Guitar Club met for the first time in January and membership has grown from four to about seven students. Each of them gets to take home a guitar, Mealy said.
The students came to the club with varying degrees of experience and interest.
“One of them can bang out some chords. One is a total beginner,” Mealy said. “Some of them already play in the band or orchestra. One of them will ask me about things like the diminished scale and the locrian mode. And there are kids who just want ot rock out.”
Mealy himself is a self-taught guitarist and he’s published several books on technique. He’s been working with the students on understanding scale and chord relationships.

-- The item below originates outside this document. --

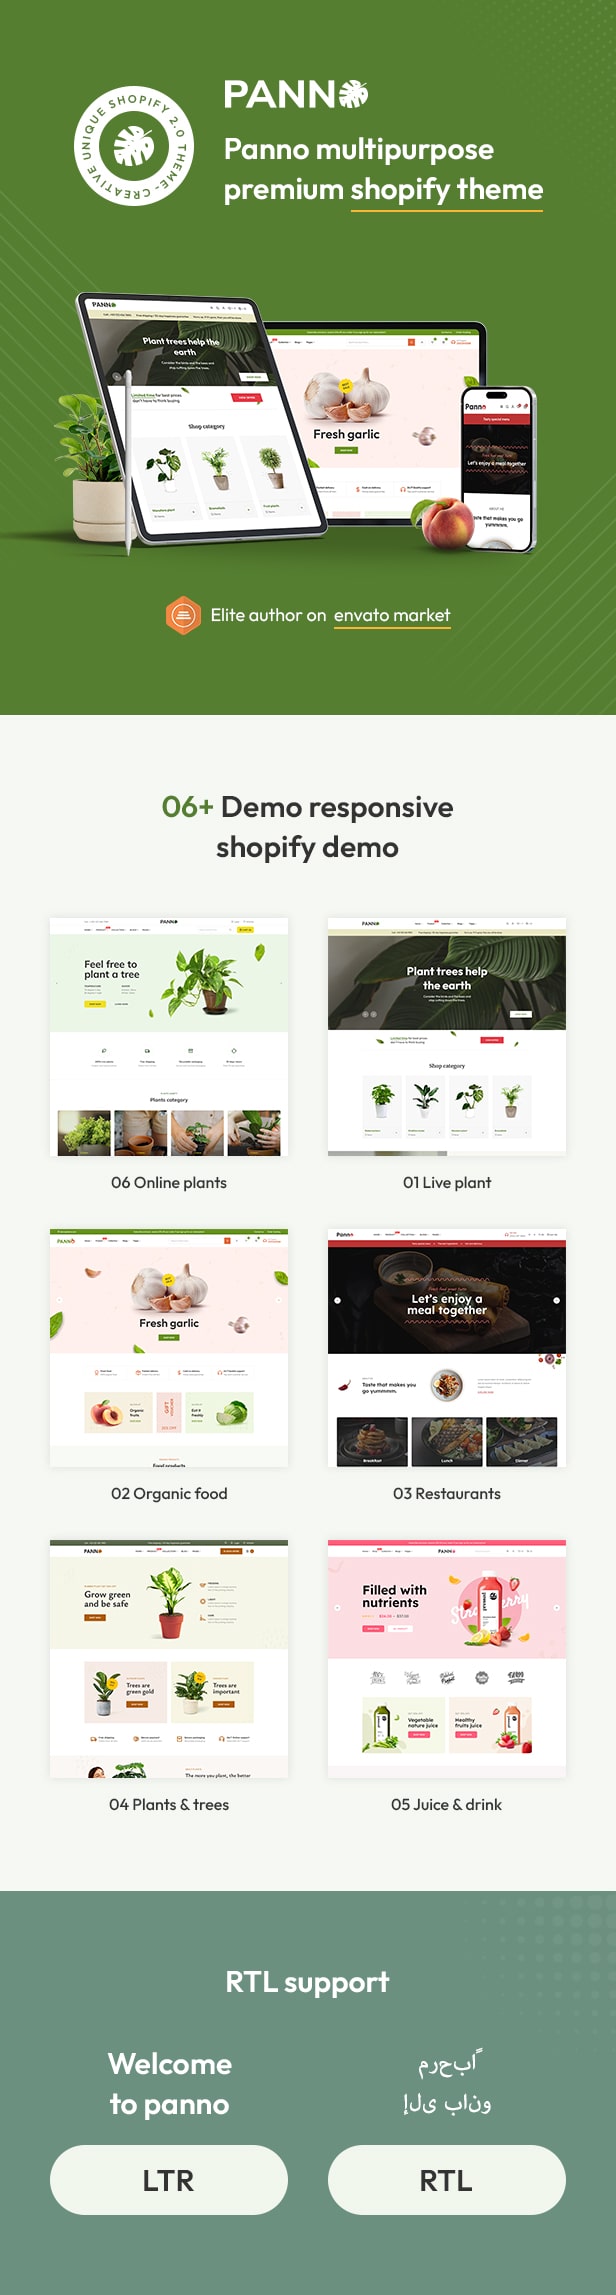 Panno - The Plants & Organic Food eCommerce Shopify Theme - 1

“If you can learn four chords in order—G, D, E minor, and C—you can play hundreds of songs,” he said.
He’s also working with the students on basic music reading and accompaniment skills. With these basic skills and with practice, he said, they could “go out and get an accompanist gig in six weeks.”
For an upcoming meeting of the club, he’s asked students to come with a song they want to learn.
“We’ll use those songs as a vehicle for learning concepts,” Mealy said.

Walker-Grant’s after-school clubs meet twice a month on Fridays. There was a gap of about a month between two of the sessions, and Mealy said he could tell the students had been practicing during that gap.
Parents have also sent him videos of their children sitting in their rooms, playing songs and singing.
“I encourage the students to also teach themselves,” he said. “They can go out and get the information—it’s all there. If you want to play, go play!”
In addition to maintaining the club at the middle school and expanding it to the high school next year, Mealy said he would also like to offer guitar as an elective, like band and orchestra.
He said it can be easier for students to keep up with the guitar after graduating from high school than it is to keep up with the trombone, for example.
For Mealy, the guitar has been “an incredible gift that I don’t take for granted,” and he’s looking forward to sharing that gift and making it accessible to Fredericksburg’s public school students coming years.